На военном совещании Григорий Александрович Потемкин, некоронованный властитель империи российской, заявил:

– Нет, это уму непостижимо... Какой-то казак Пугачев, столь грубый разбойник, славно, однако же, умеет отыгрываться от наших генералов. За нос их водит, аки индюков. И мне сдается: либо генералы у нас плохи, либо Пугачев изрядный молодец. И по моему мнению, ежели позволит всемилостивая государыня, сей генеральский кризис надо разрешить тако: малорасторопного главнокомандующего князь Федора Щербатова с должности снять и на его место поставить князь Петра Михайловича Голицына. В разгроме толпы под Татищевой крепостью, следствием чего было освобождение Оренбурга, он показал себя сущим героем. А Щербатова вызвать сюда для изустного доклада о настоящих того края обстоятельствах.

Возражать Потемкину считалось опасным, да, в сущности, и не было причин его оспаривать. Князь Григорий Орлов, как-то невнятно посмотрев на Потемкина, сказал:

– Надлежало бы направить на восток воинское пополнение, ибо...

Но его без всякой учтивости тотчас перебил Потемкин:

– Сие уже сделано и вступило в силу. – Он вынул из кармана составленный им от имени императрицы черновик рескрипта князю Голицыну, высокомерно взглянул на прикусившего язык Орлова, с нескрываемым укором посмотрел в лицо «всемилостивейшей матушки», опрометчиво пригласившей на это совещание своего бывшего «друга», и, встряхнув головой, стал гулко читать выдержки рескрипта: – «Получа известие, что злодей со своею толпою впал в пределы Казанской губернии, я приказала нарядить полки: пехотный Великолуцкий, Донской казачий и драгунский Владимирский. Сие войско будет в окружности Казани как обсервационное, которому, по усмотрению пользы, действовать согласно с нами».

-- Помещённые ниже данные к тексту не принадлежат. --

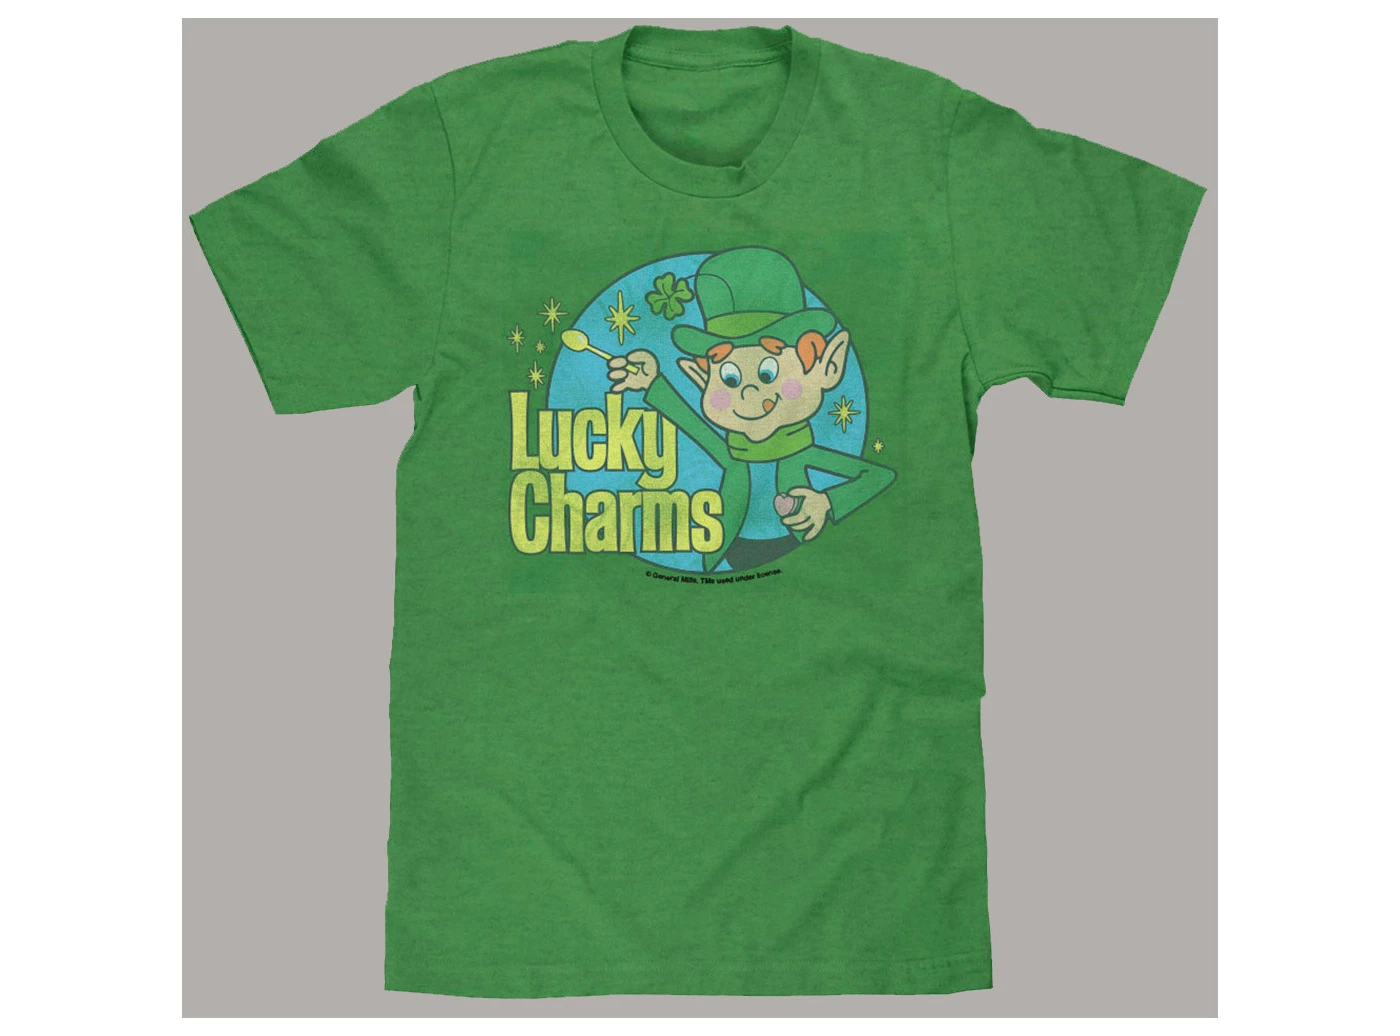 Men's Lucky Charms Short Sleeve Graphic T-Shirt Kelly Green - image 1 of 1

Далее в умело составленном Потемкиным рескрипте перечислялись меры к защищению границ сибирских и башкирских, а также давались указания, как удобнее «прижать пугачевскую вольницу к которому ни есть неподвижному пехотному нашему посту». Рескрипт заканчивался: «Начинайте с Богом! Я ожидаю от усердия вашего ко мне полезных следствий. Екатерина».

При закрытии совещания Потемкин как бы невзначай бросил:

– А в конце-то концов надлежало бы отправить туда для командования войсками некую знаменитую особу, вровень с покойным генералом Бибиковым стоящую.

За эту знаменательную фразу мысленно уцепился присутствующий тут министр иностранных дел граф Никита Панин и, не задумываясь, решил в уме: «Знаменитая особа – это мой родной братец Петр. В лепешку расшибусь, а так оно и будет».


Где-то там бушевало людское море, гремели пушки, пылали города, но молодой столице все нипочем. Богатые дворяне по-прежнему «бесились с жиру», чиновники гнули спины над бумагами, мздоимствовали, купцы торговали, барская дворня (ее было почти половина столичного населения) с привычной покорностью обслуживала своих господ, прислушиваясь одним ухом к народным толкам о мужицком царе-избавителе.

А в общем, все шито-крыто, тишь да гладь. Правительство всего более заботилось о том, чтобы сокрыть от народа грозную смуту на окраине и неуклонно пресекать всякую «народную эху» о пожаре на востоке.

Петербург хорошел, веселился. На проспектах, на одетых в гранит набережных – гением Растрелли-сына, Деламота, Кваренги и других – на удивленье всему миру и на многие века возникали великолепные дворцы и храмы. Был в работе «Медный всадник» – бессмертное творенье Фальконета, вечный памятник бессмертному Петру.

Столичные власти негласным повелением Екатерины всячески старались развлекать народ праздничными гуляньями, которым придавалась как бы роль горчичников, вытягивающих излишний в подъяремном народе жар. Гулянья устраивались на Царицыном лугу и на обширной площади вдоль Адмиралтейства, где впоследствии разбит был Александровский сад. Петрушка, балаганы, карусели, катанье с искусственных гор. В торжественные дни гулянья кончались «огненною потехою», то есть фейерверком.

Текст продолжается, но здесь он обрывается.